_Exercise directions_
Your task is to write out every line of the data exactly. Drop the pictures.

_Material provided_
*** Block opens ***
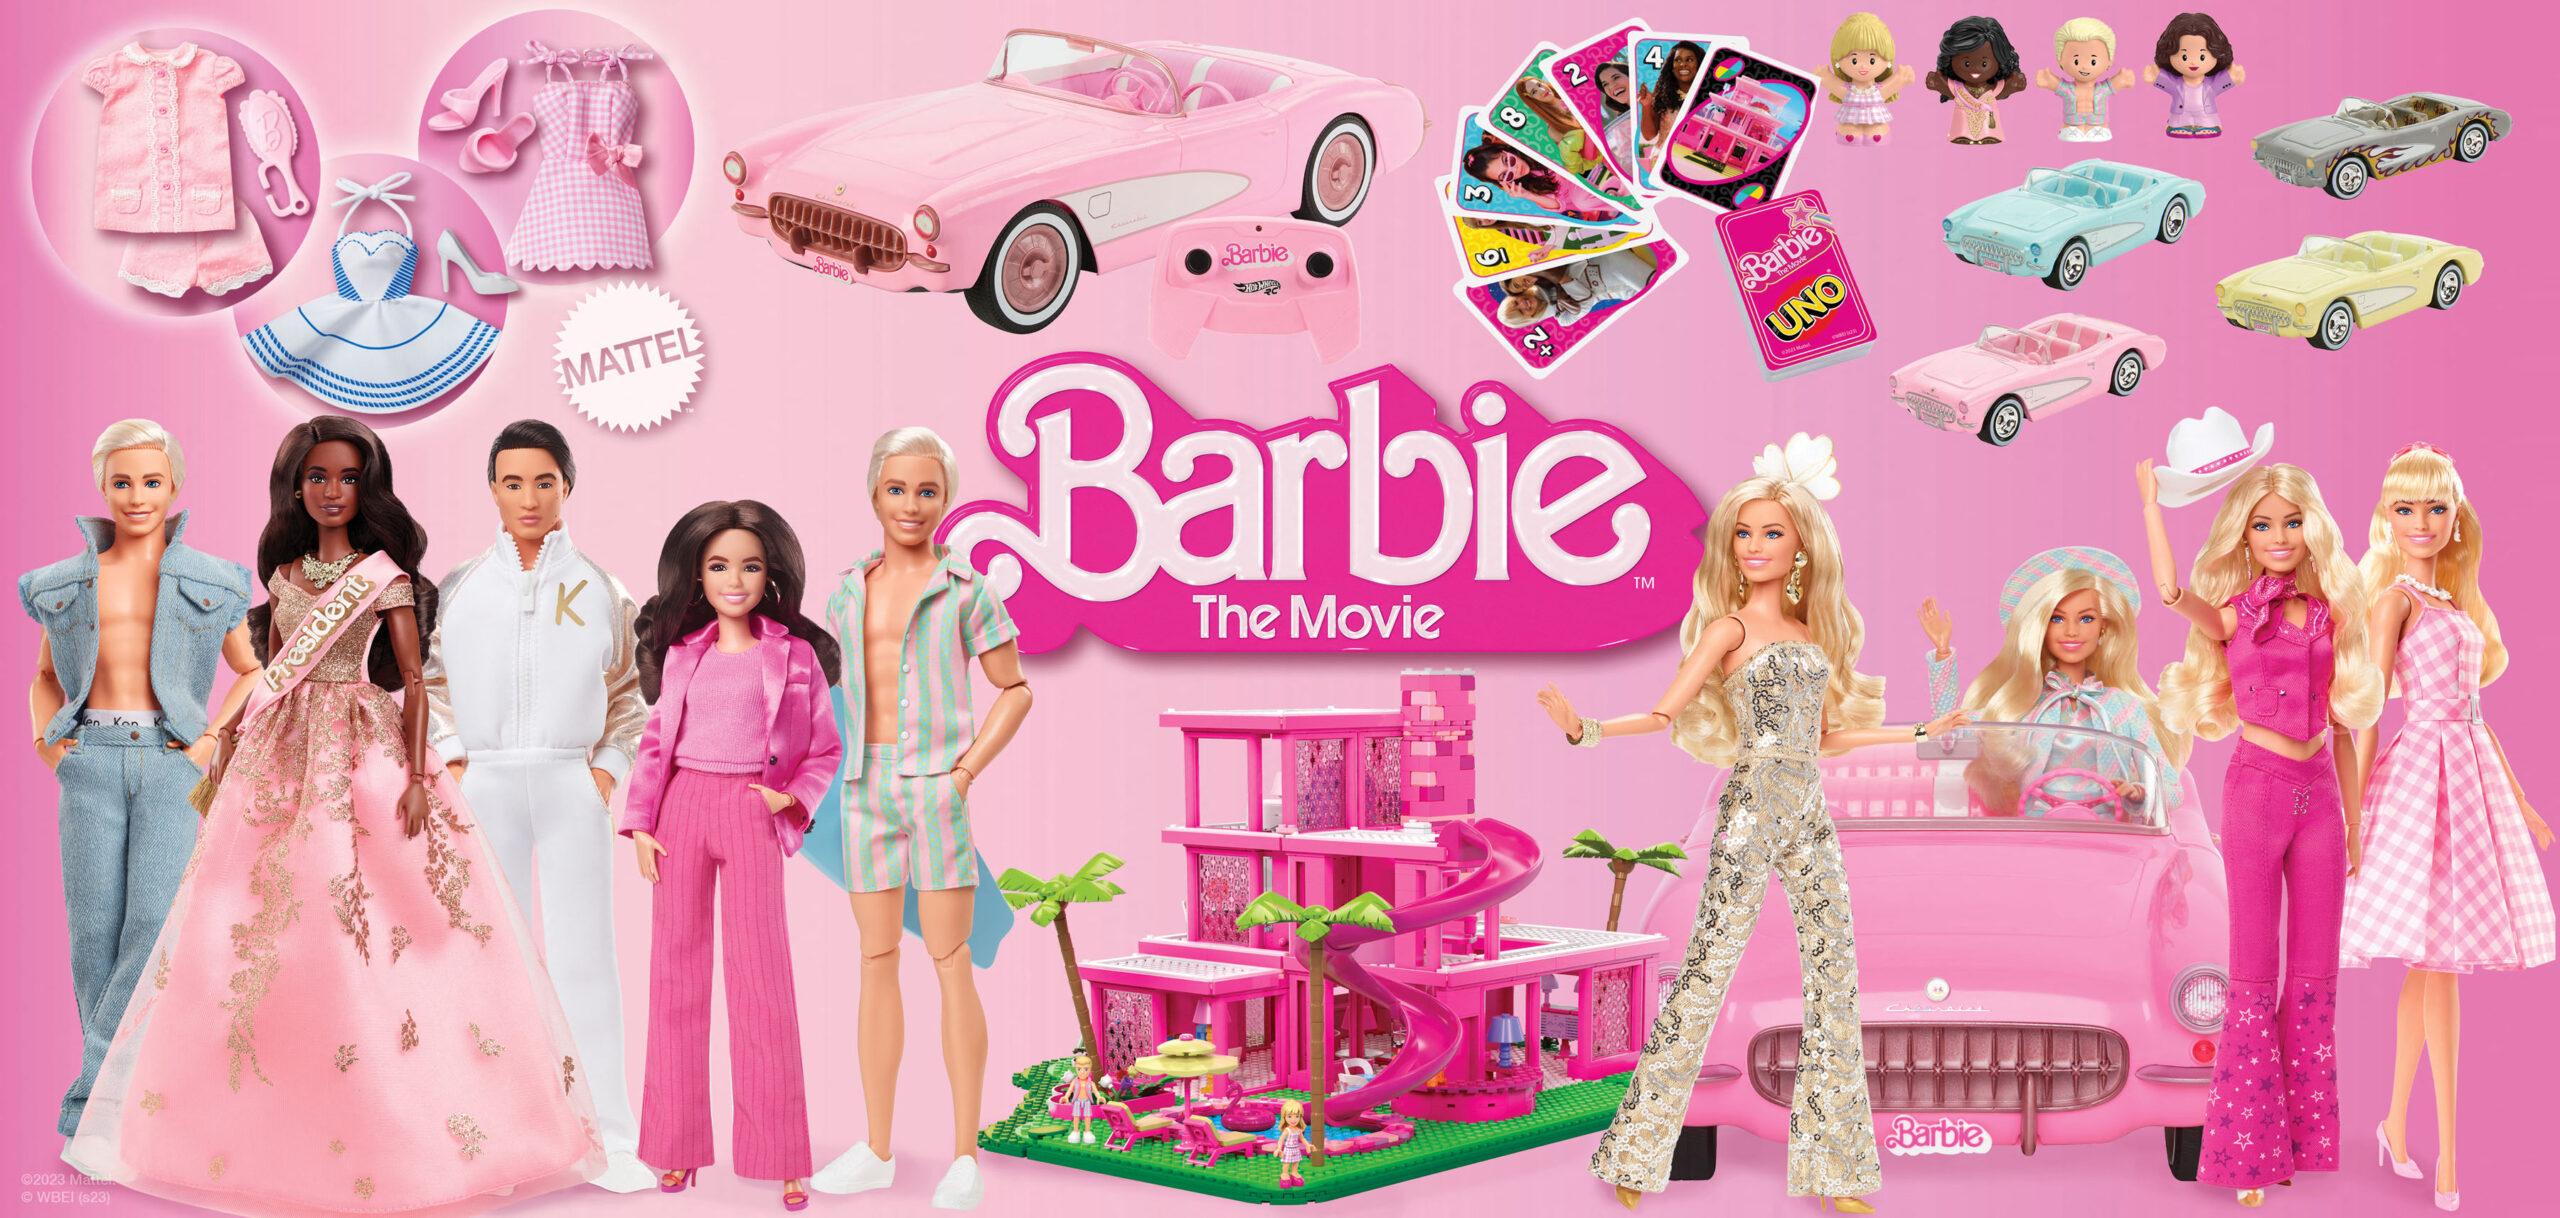 Ryan Gosling Reacts to Barbie Fans Saying He's Too Grown Up for Ken Role
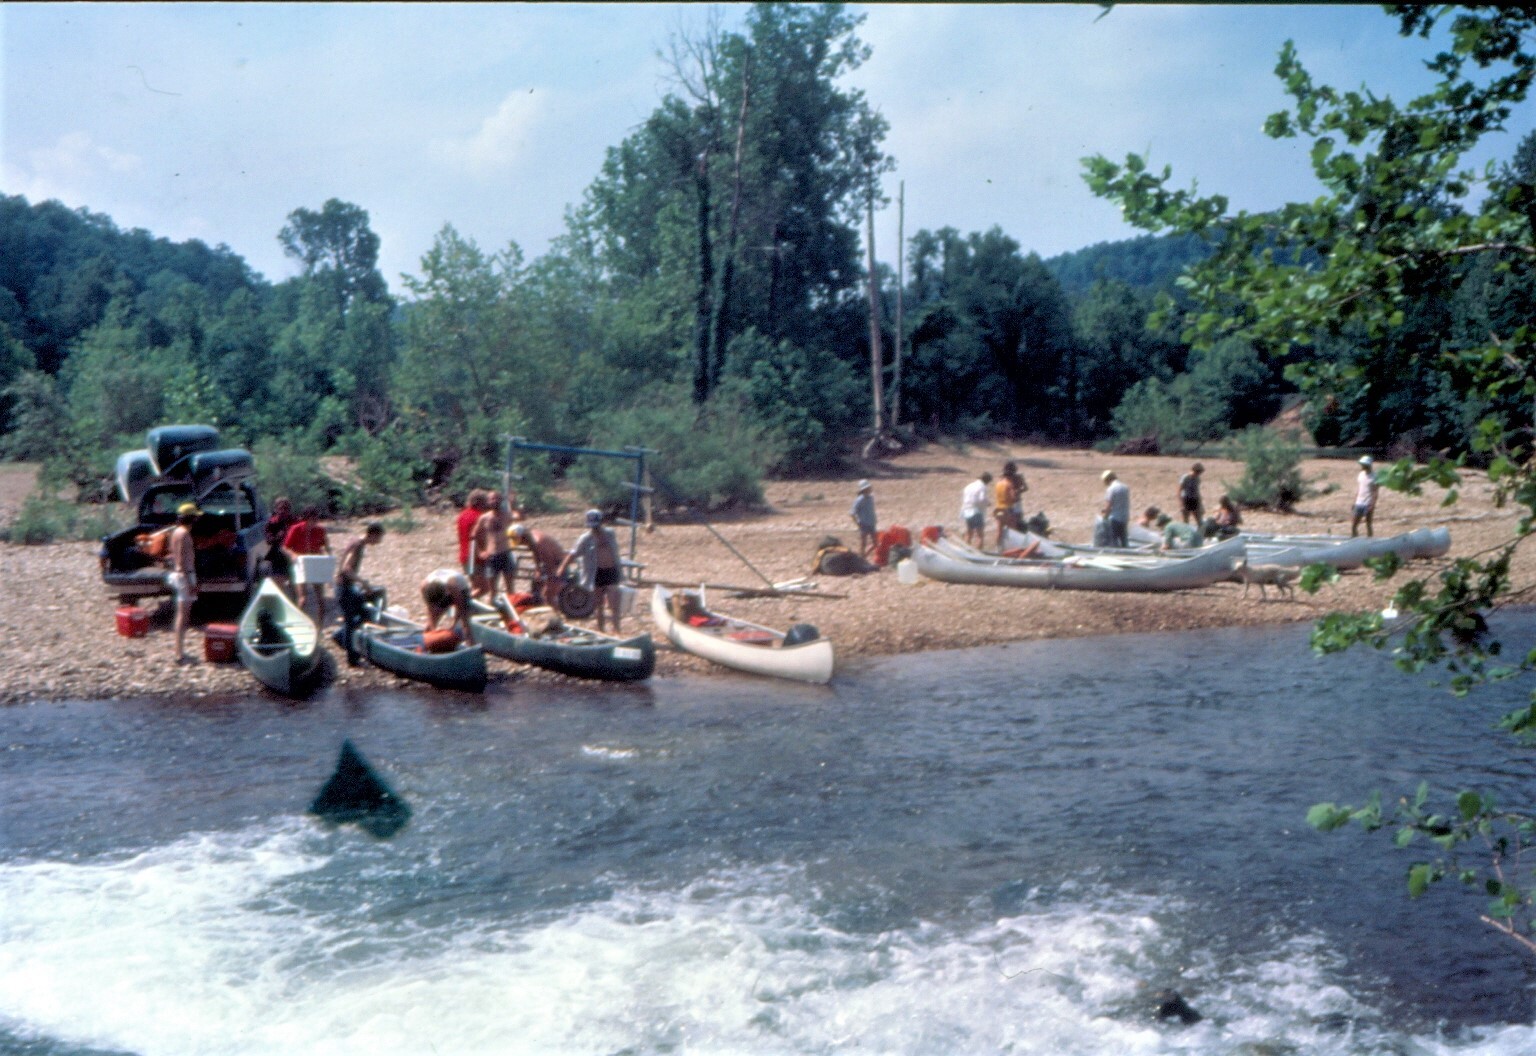 color photo with river in foreground and boats, people and gravel river bank in background.
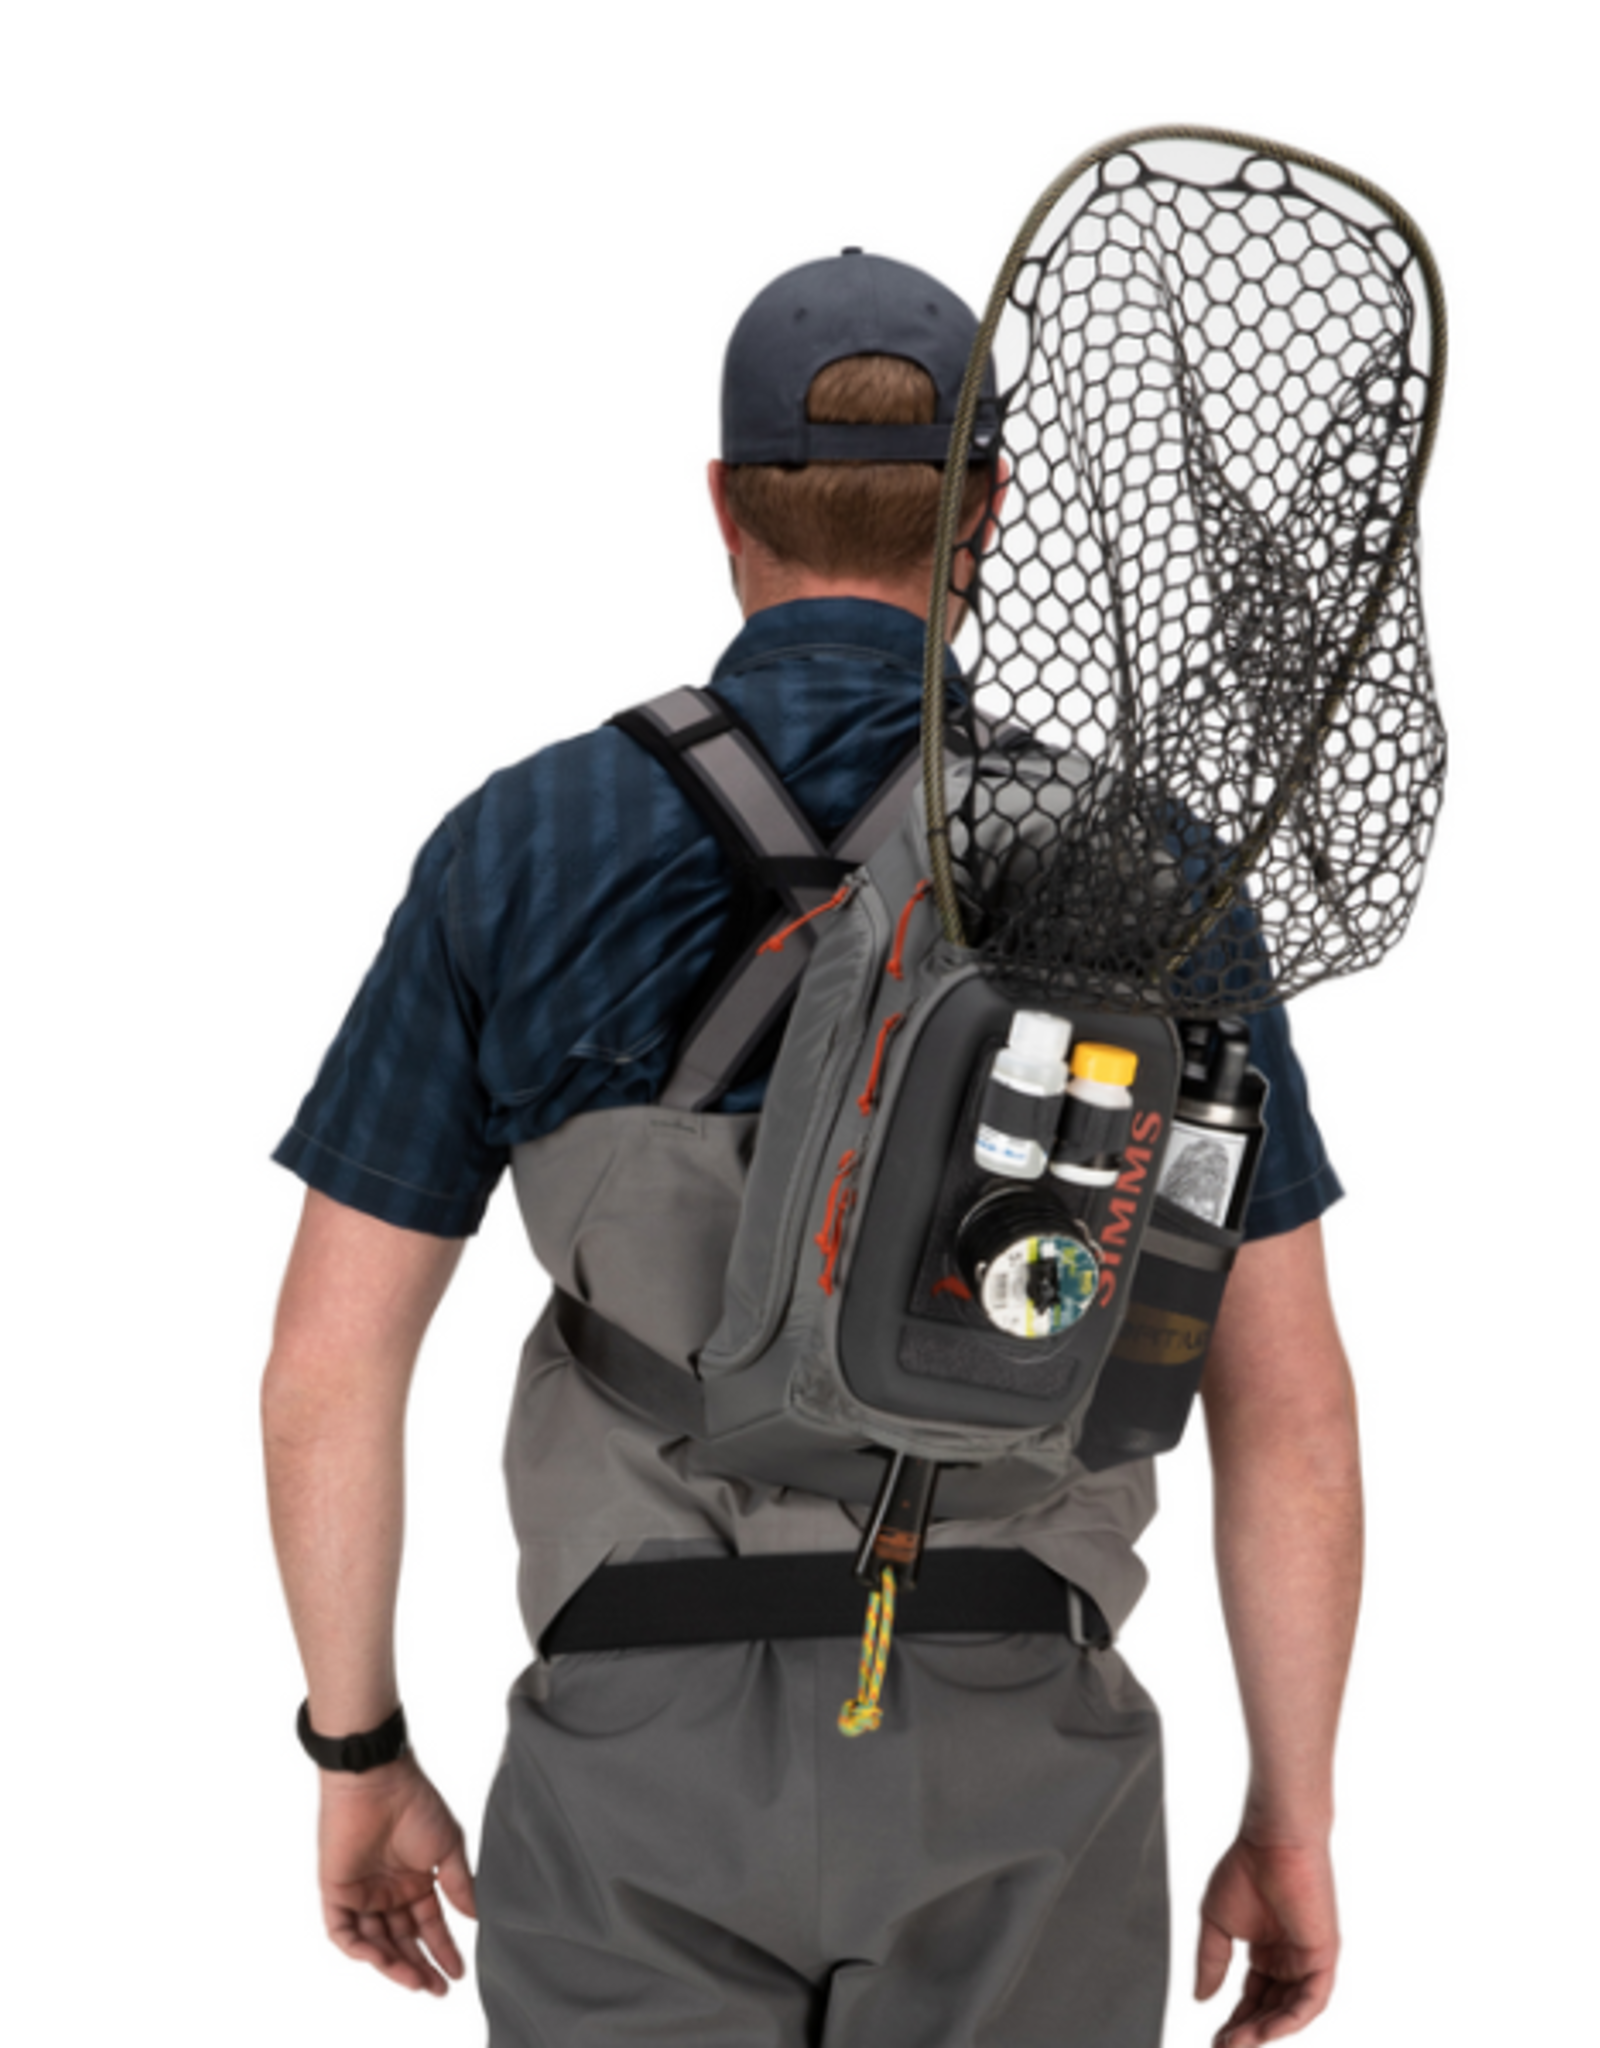 Fishing Packs and Slings by Simms, Patagonia, Fishpond
*** Block closes ***
_Your response_
 Ryan Gosling Reacts to Barbie Fans Saying He's Too Grown Up for Ken Role
 color photo with river in foreground and boats, people and gravel river bank in background.
 Fishing Packs and Slings by Simms, Patagonia, Fishpond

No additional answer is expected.